Service Mesh (ASM) supports comprehensive authentication and authorization configurations and offers flexible extensibility. You can integrate a Service Mesh (ASM) that uses the HTTP or gRPC protocol into the Service Mesh (ASM) authorization workflow. This topic describes how to develop a Service Mesh (ASM) based on the Service Mesh (ASM).
Background
Within a service mesh, you can configure JWT authentication (RequestAuthentication) on a gateway to authenticate requests. For requests within the mesh, the mesh uses the provided mTLS certificates by default to authenticate requests. Once a request is authenticated, you can use an authorization policy (AuthorizationPolicy) to restrict its behavior. In addition to these standard capabilities, Service Mesh (ASM) can integrate with a custom authorization service. The overall workflow for a custom authorization service is as follows.
When you configure a custom authorization service to use the HTTP protocol, the mesh proxy (gateway or sidecar) populates an HTTP authorization request with information from the original request. The proxy then sends the authorization request to the custom authorization service, which decides whether to allow the original request.
-
A status code of 200 from the custom authorization service indicates that the request is allowed.
-
A 5xx status code indicates an error in the custom authorization service. Whether the request is allowed or denied depends on the configured failure mode.
-
Any other status code denies the request.
Configuration
You can associate a custom authorization service in the ASM console. After associating the service, you can configure an authorization policy to specify which mesh proxies use it. For detailed steps, see Implement custom authorization by using the HTTP protocol.
Develop an HTTP custom authorization service
ASM is compatible with the open-source Istio service mesh. The Istio community offers a sample implementation of a custom authorization service. This code implements both HTTP- and gRPC-based custom authorization services. The main logic for the HTTP part, which is the focus of this topic, is in the ServeHTTP function:
// ServeHTTP implements the HTTP check request.

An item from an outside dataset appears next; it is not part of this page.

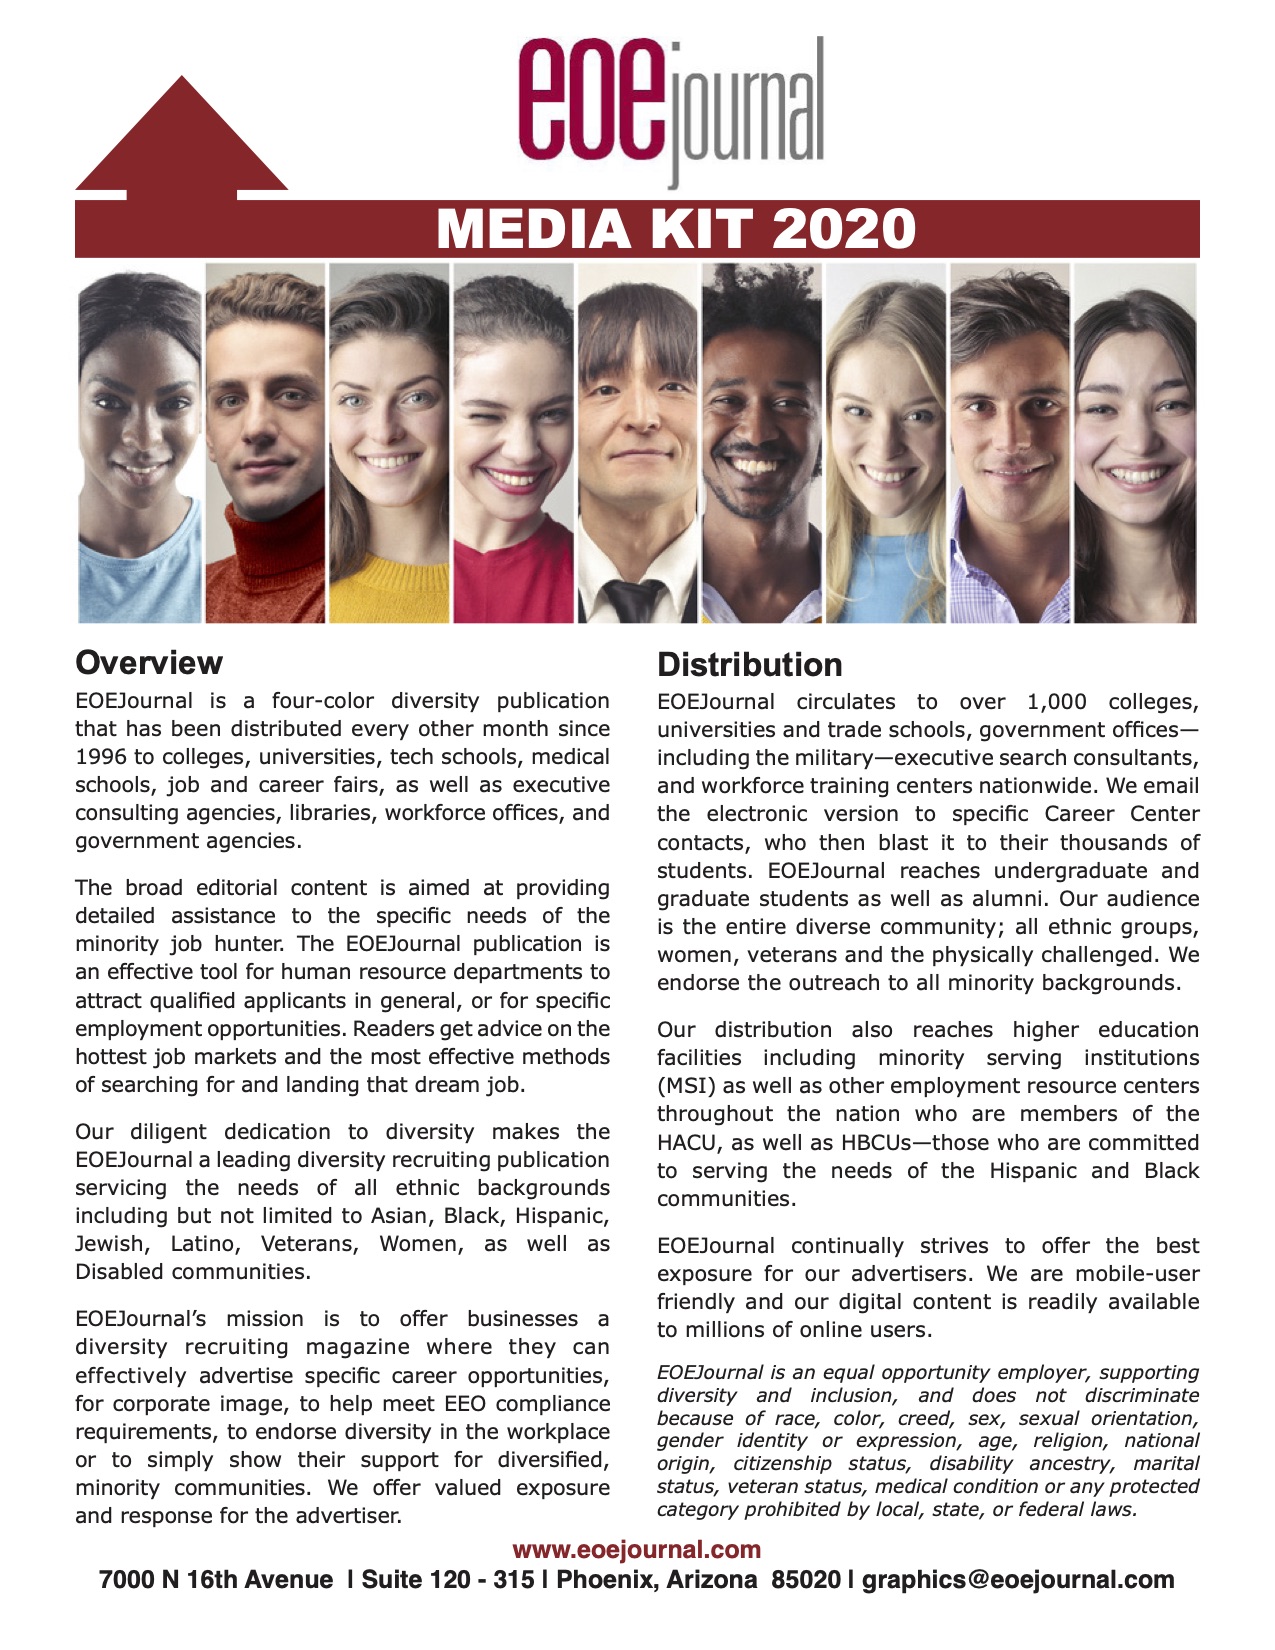 EOEJ_media kit_2020_V2_page1
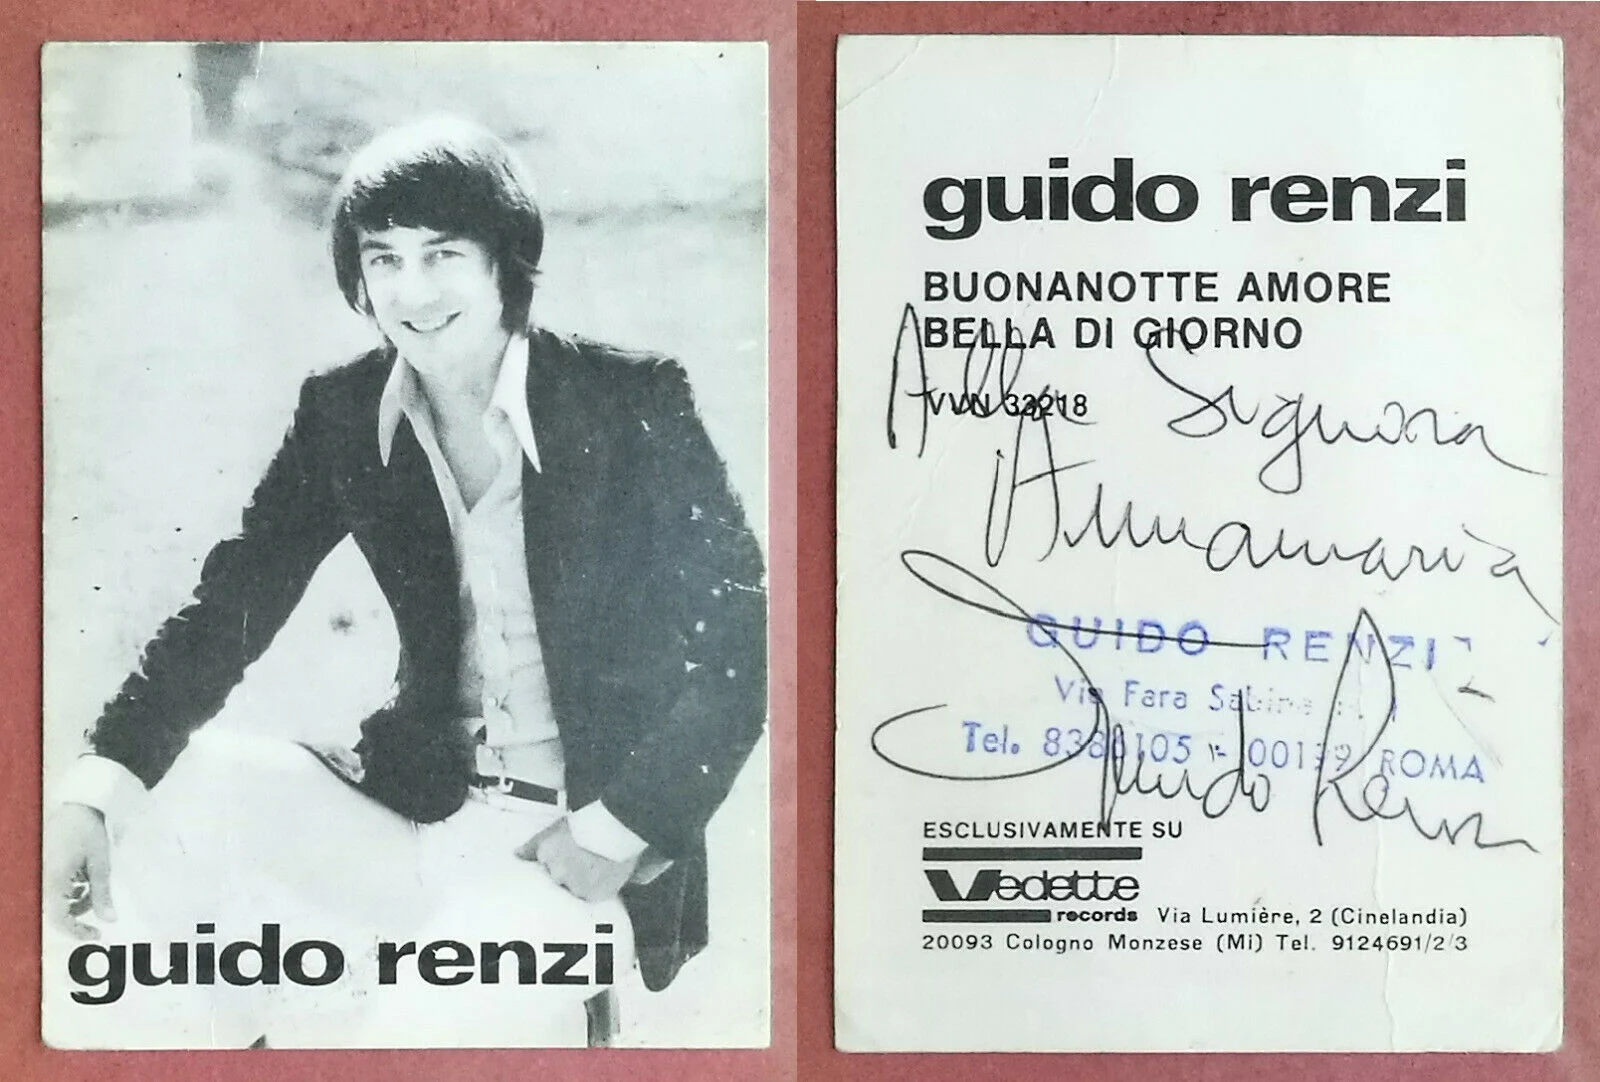 Guido Renzi - A voz por trás de grandes sucessos

func (s *ExtAuthzServer) ServeHTTP(response http.ResponseWriter, request *http.Request) {
body, err := io.ReadAll(request.Body)
if err != nil {
log.Printf("[HTTP] read body failed: %v", err)
}
l := fmt.Sprintf("%s %s%s, headers: %v, body: [%s]\n", request.Method, request.Host, request.URL, request.Header, returnIfNotTooLong(string(body)))
if allowedValue == request.Header.Get(checkHeader) {
log.Printf("[HTTP][allowed]: %s", l)
response.Header().Set(resultHeader, resultAllowed)
response.Header().Set(overrideHeader, request.Header.Get(overrideHeader))
response.Header().Set(receivedHeader, l)
response.WriteHeader(http.StatusOK)
} else {
log.Printf("[HTTP][denied]: %s", l)
response.Header().Set(resultHeader, resultDenied)
response.Header().Set(overrideHeader, request.Header.Get(overrideHeader))
response.Header().Set(receivedHeader, l)
response.WriteHeader(http.StatusForbidden)
_, _ = response.Write([]byte(denyBody))
}
}This function checks the request's header. If the header's value is allowedValue, it returns a status code of 200 (allow). Otherwise, it returns 403 (deny).
Configure the custom authorization service
After deploying the custom authorization service to your ACK cluster, you can integrate it with the mesh. For detailed steps, see Implement custom authorization by using the HTTP protocol.
Because this authorization service inspects the header defined by the checkHeader variable, you must configure the Carry origin header within auth request parameter when you import the service into the mesh. Otherwise, the authorization check will fail.